The above poorly designed update has us retrieving data from some source, and then running an update on our target database based on one or more values in the source.  Does it work?  Sure.  The problem occurs when you touch more than a handful of rows.  When you bring in the Ole Db command into the picture in a data flow, you’ll be firing the statement in this control once for every row of data in your pipeline.  So let’s say our source retrieves 100,000 rows into the data flow: the downstream UPDATE command will be executed 100,000 times!  Such operations could bring the most capable server to its knees.
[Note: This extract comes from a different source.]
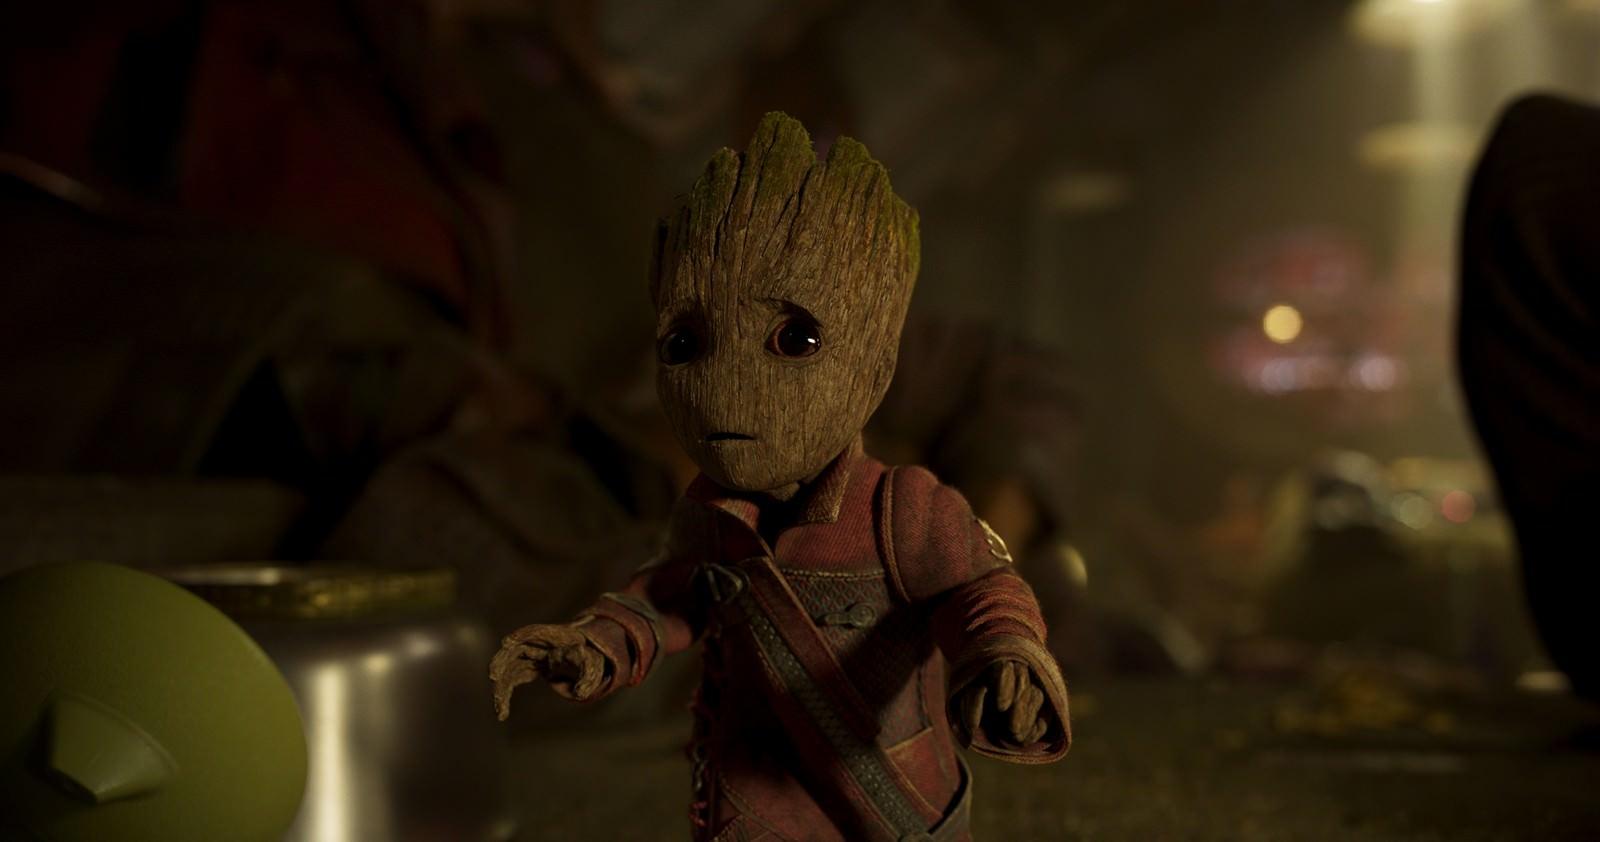 Movie, Guardians of the Galaxy Vol. 2(美國, 2017年) / 星際異攻隊2(台灣) / 银河护卫队2(中國) / 銀河守護隊2(香港), 電影角色與演員介紹

A better solution could include staging your data.  Using this method, you’ll retrieve the data from the source and write it into a staging table in the destination database.  You can then use an Execute SQL task to run your update in a more organic manner.

figure2

Set up your data flow as shown above to pull in the data to a staging table, then you can run a single UPDATE statement:

UPDATE i
SET InvoiceAmount = st.UpdatedInvoiceAmount
FROM Invoices i
INNER JOIN StagedData st ON i.InvoiceID = st.InvoiceID

The advantage here is that you’re executing the expensive UPDATE statement once for each table rather than once for each row affected.

Of course, there are some situations that explicitly disallow the use of staging tables in destination systems.  If storage or access restrictions keep you from using this method, you may have to use the row-by-row insert, so be aware that it's going to be a bottleneck.

Comments

Posted by Anonymous on 10 September 2009

Pingback from  Dew Drop – September 10, 2009 | Alvin Ashcraft's Morning Dew

Posted by yogesh_t_r on 19 July 2012

We use a Temp table instead of a dedicated staging table. Its Brief and to the point thx.